Morocco’s failure to co-operate in controlling the movement of migrants poses a real security and humanitarian problem for Spain which Morocco has capitalised on in the past.

Before the influx of migrants from Morocco to Ceuta (the Spanish autonomous city on the northern tip of Morocco) last week, Spain was already grappling with a surge in migrant arrivals on the Canary Islands off the Moroccan coast.

Rabat was accused of leveraging immigration as a diplomatic weapon last year in its bid to gain access to rare mineral deposits near the Canary Islands off the West coast of Morocco.

It appeared that Morocco had eased border controls, allowing more than 23 000 migrants to reach the island, a figure eight times higher than the year before.

This year the arrivals have so far more than doubled compared to the same period last year.

In March Morocco suspended repatriation flights of migrants from the Canaries.

This created a crisis for the Spanish government, and Rabat appears to have turned to the same playbook this week.

In what appeared to be retaliation for admitting Ghali for medical treatment, Morocco decided to weaponise migration once again to punish Spain.

Morocco turned a blind eye to thousands of migrants heading to Spain's Ceuta enclave in what analysts said was an attempt to pressure Madrid to recognise its sovereignty over Western Sahara.

Last week over 9 000 migrants swam or used tiny inflatable boats to cross unimpeded into the tiny territory from neighbouring Morocco, sparking a crisis for Madrid.

Approximately 2 000 - 3 000 migrants were children or teens.

Morocco has the capacity to control its borders, but observers say that Moroccan police were nowhere to be found.

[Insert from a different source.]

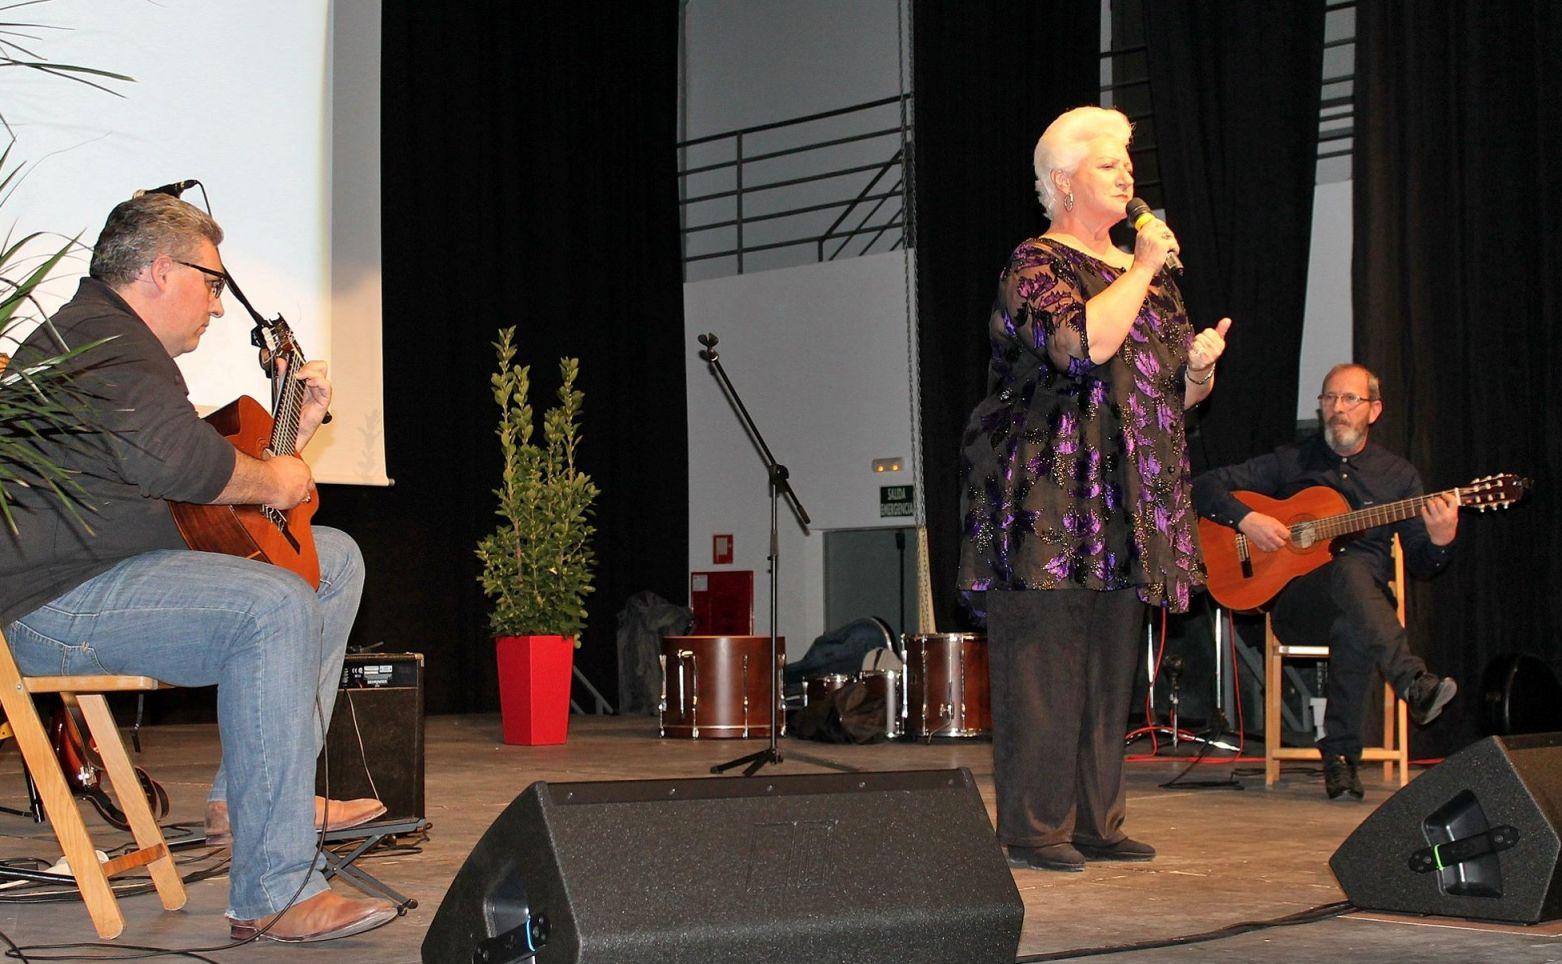 Joana Pons y sus guitarras. Foto: Caty Pascual.

Spanish Prime Minister Pedro Sanchez had to cancel a trip to Paris and arrived in Ceuta last Tuesday, vowing to “restore order” as soon as possible.

Sánchez and Foreign Affairs Minister Arancha González Laya made multiple calls and overtures to EU states in a bid to increase pressure on Morocco.

The efforts worked, and according to government sources, several European foreign offices made public and private calls to the Moroccan government to send the message that it was not only up against Spain, but all of the EU.

EU leaders backed Spain, saying the mass incursion in Ceuta was a breach of the bloc's borders, and the European Commission Vice President Margaritis Schinas called for a “strong protection of our borders”.

The perception has been that what has happened in Ceuta is another example of how Morocco plays with migration as a way to pursue its own interests.

Attempts at blackmail have clearly backfired, as despite the pressure that Morocco put on Spain, González Laya said Spain was not going to change its position on the disputed territory.

This is most likely the position of many other European states as well.

* Shannon Ebrahim is Independent Media’s Group Foreign Editor.